At the still point of the turning world. Neither flesh nor fleshless;

Neither from nor towards; at the still point, there the dance is,

But neither arrest nor movement. And do not call it fixity,

Where past and future are gathered. Neither movement from nor towards,

Neither ascent nor decline. Except for the point, the still point,

There would be no dance, and there is only the dance.

T. S. Eliot, Burnt Norton, Four Quartets

Deadlocks are the still points of all negotiation. In their stillness lies much promise but also the potential to inflict much damage. They are a familiar feature of most negotiations, ranging from the realm of the everyday to that of high politics. While there exists a rich body of literature on how to negotiate wisely and effectively, very few works have focused specifically on the problem of deadlocks. Deadlocks in Multilateral Negotiations: Causes and Solutions addresses this gap, and is designed to facilitate interdisciplinary exchange on the subject of deadlocks.
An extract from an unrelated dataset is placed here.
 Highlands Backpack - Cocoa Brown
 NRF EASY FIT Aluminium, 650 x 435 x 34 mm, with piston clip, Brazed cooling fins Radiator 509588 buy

Together, we aim to provide a more holistic analysis of the concept, and also improve the academic's and practitioner's understanding of what causes deadlocks and how they might be broken. In particular, we focus on deadlocks in multilateral negotiations. Involving multiple actors and sometimes even multiple issues, deadlocks of this type pose a particularly challenging set of intellectual problems. They are a recurrent phenomenon that practitioners must encounter, and they occur across international institutions and in diverse issue areas.